Conventional Commits Backend

Overview

Private Data Lookup (PDL) is a web application that allows users to privately query a server-side data set of breached passwords during account creation. PDL is based on a secure multiparty computation mechanism called Private Set Intersection where two parties holdings sets (of credentials) can compute the intersection of the two sets without revealing their sets to the counterpart. The result is better application security by encouraging the use of stronger passwords and better user privacy by minimizing the information revealed to the server in the password precheck process.

This project is inspired by some excellent work at Meta and Google:

Implementation

PSI

In Private Set Intersection, neither party reveals anything to their counterpart except for the elements in the intersection. This is accomplished using encryption. Hashed passwords are encrypted using secret key $a$ on the frontend and secret key $b$ on the backend. Querying the set of breached passwords is a three step process:

  1. The client sends an encrypted user password $\text{Hash}(p)^a$ to the server.
  2. The server sends the re-encrypted user password $\text{Hash}(p)^{ab}$ and the encrypted breached passwords $\text{Hash}(b_1)^{b}, ...,\text{Hash}(b_n)^{b}$ to the client.
  3. The client partially decrypts the user password using $a^{-1}$ and checks if $\text{Hash}(p)^{aba^{-1}}$ is contained in the set of breached passwords.

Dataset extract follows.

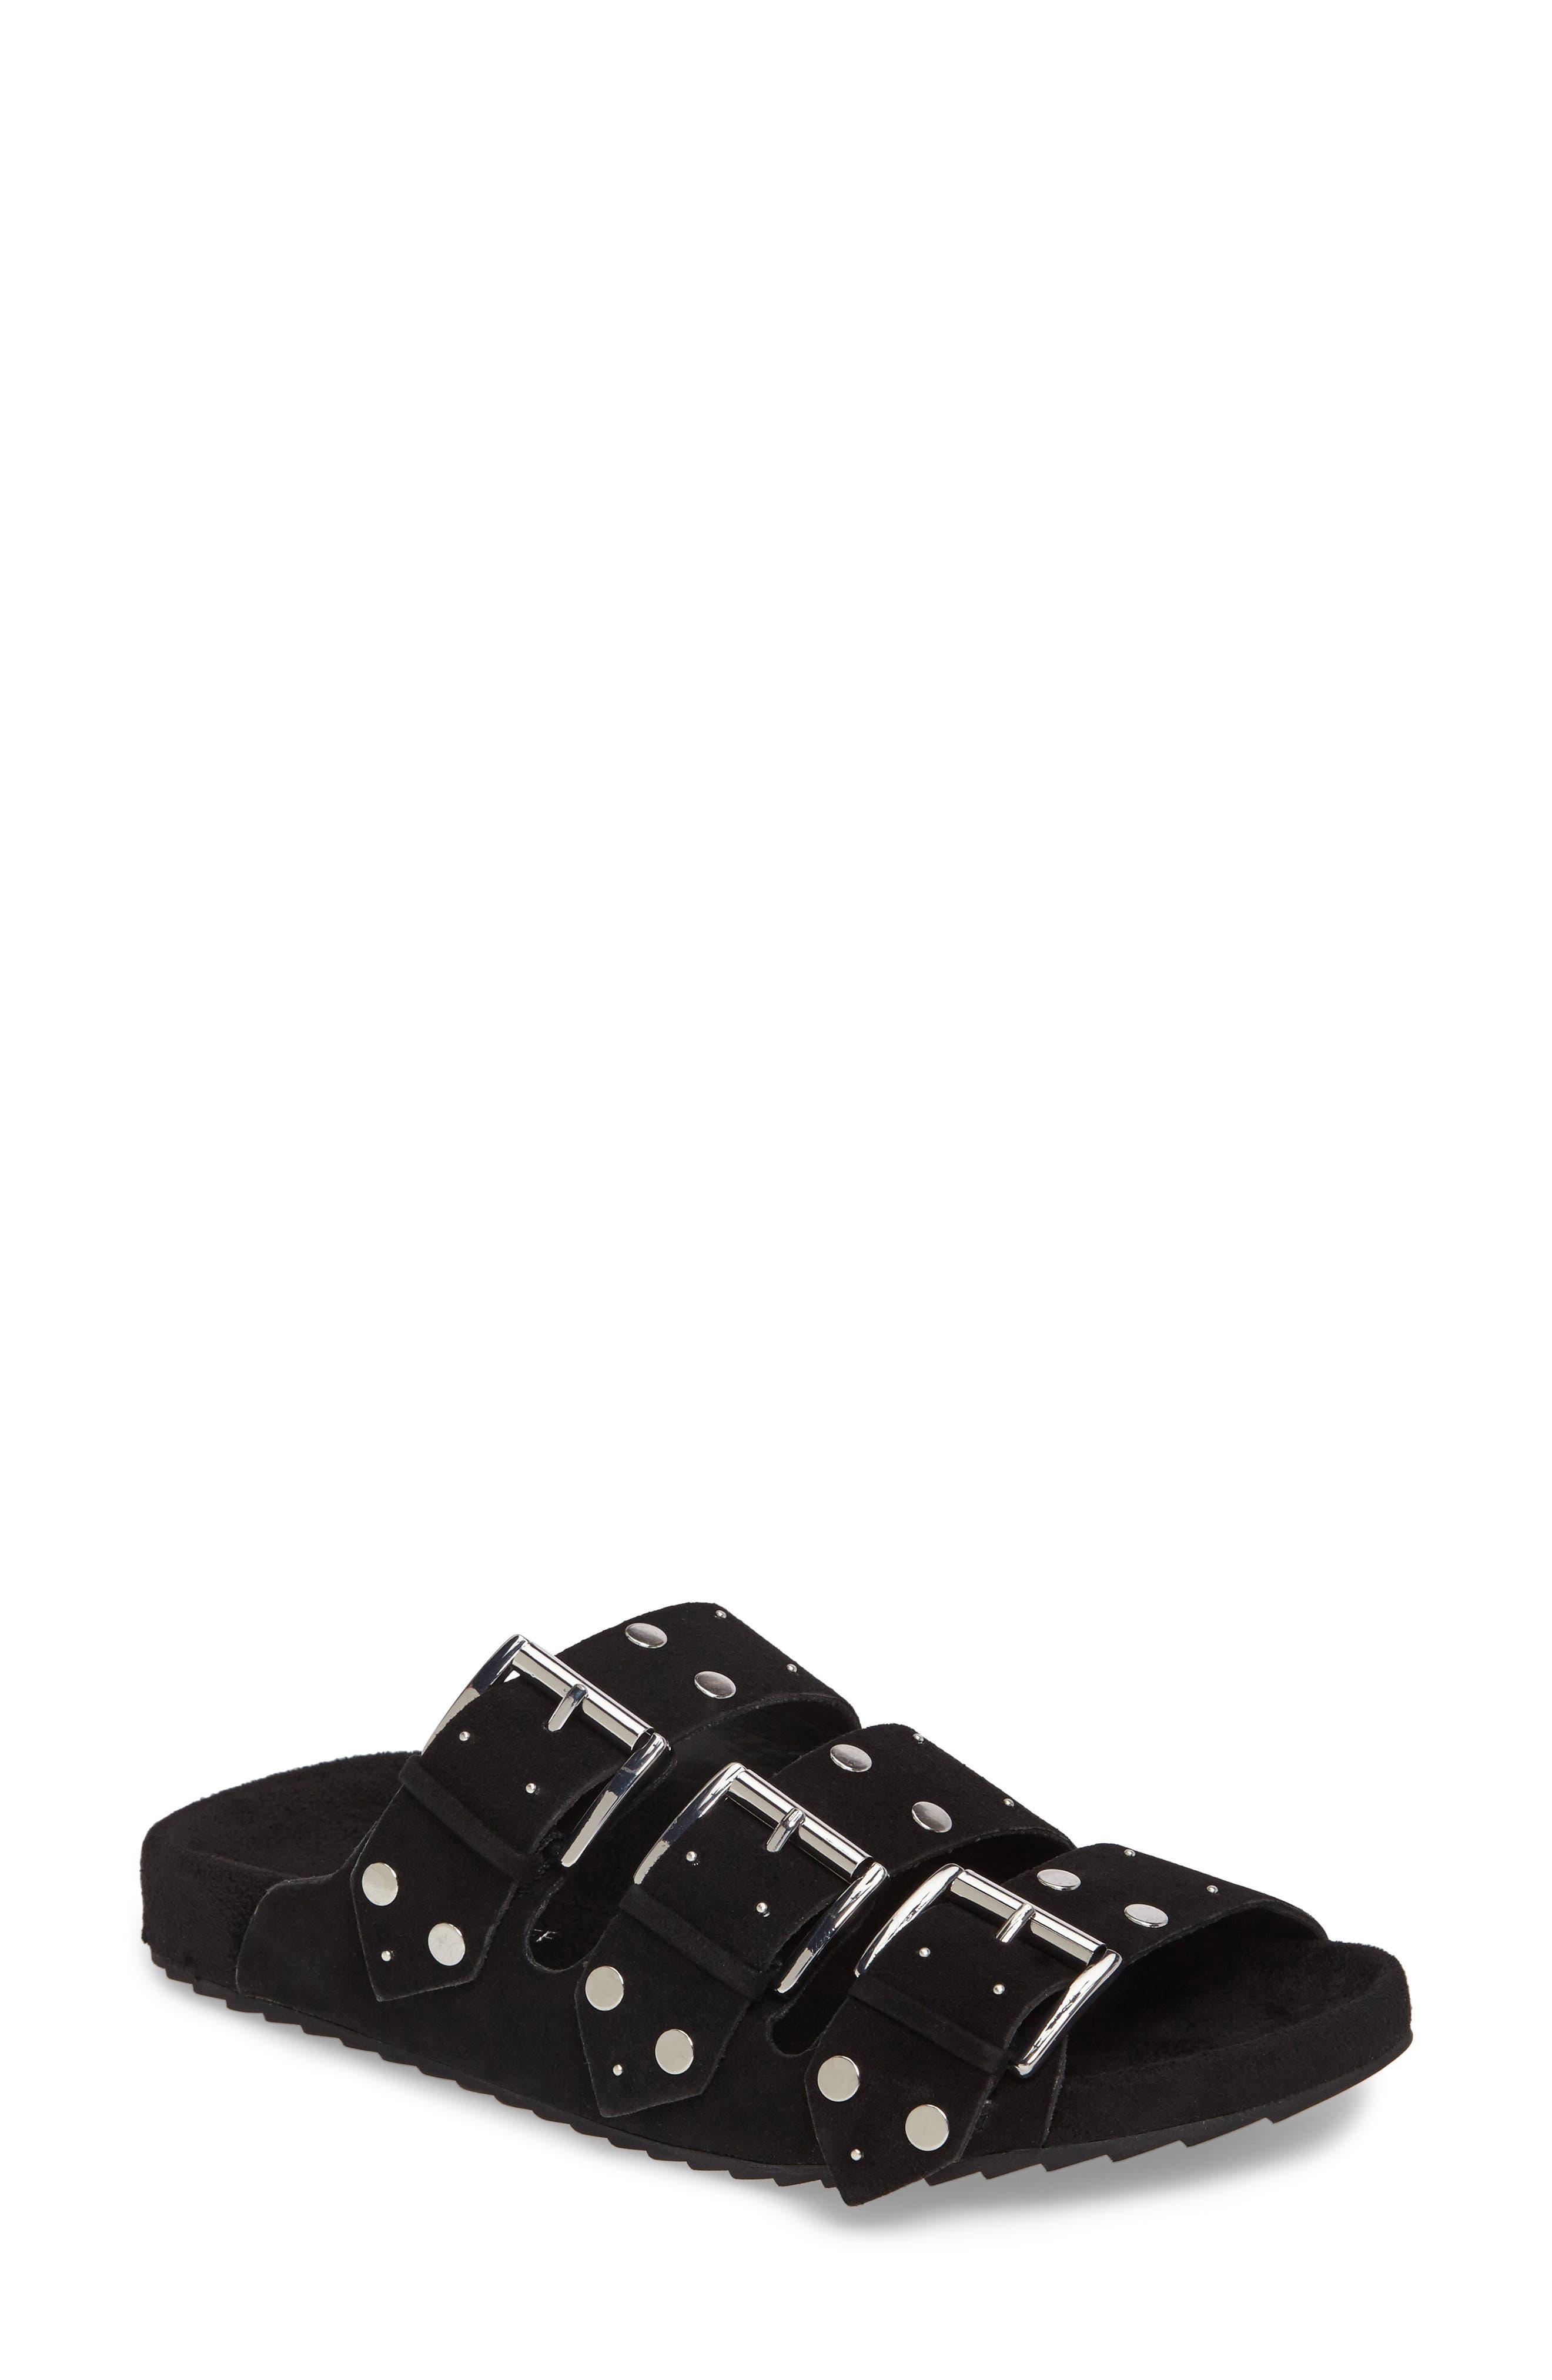 Tania Slide Sandal,                             Main thumbnail 1, color,                             Black

If the set intersection is non-empty, the user's password is compromised and should not be used.

Performance Optimization

The initial PSI implementation unreasonably increases critical path latency due to the size of the breached password dataset. To address this challenge, k-anonymity is used. Passwords are partitioned in $k$ buckets based on one or more leaked bytes. Given $n$ leaked bytes, there are $\left[0, (2^8)^n - 1\right]$ buckets. The client generates a partition index using $n$ leaked bytes, and then the server returns a smaller subset of the dataset. The result is a decrease in the number of serialized passwords per request and faster processing times.

This feature involves a tradeoff between user privacy and application performance. The key assumption is that the number of breached passwords is sufficiently large to not reveal identifiable information about individual users. Since real breached password datasets contain billions of passwords [1], each bucket contains millions of passwords. Thus, the assumption holds and the increased leakage involves neglible privacy risk.

Instructions

You need to configure the /frontend and /backend folders initially. See the respective README.mds for more information. After configuration, you can run the application using the following commands.

To run the frontend, cd into /frontend and run

yarn dev 

To run the backend, cd into the /backend and compile the program:

make build

Then, you can simply run this command on an existing database: Database file paths should end in .db, like passwords.db.

build/src/server <database filepath>

If you want to build a new database from a new or existing path, you can use the --build flag after the path.

build/src/server <database filepath> --build

Ensure that the backend is running with the frontend, otherwise you will see a server error in the web application.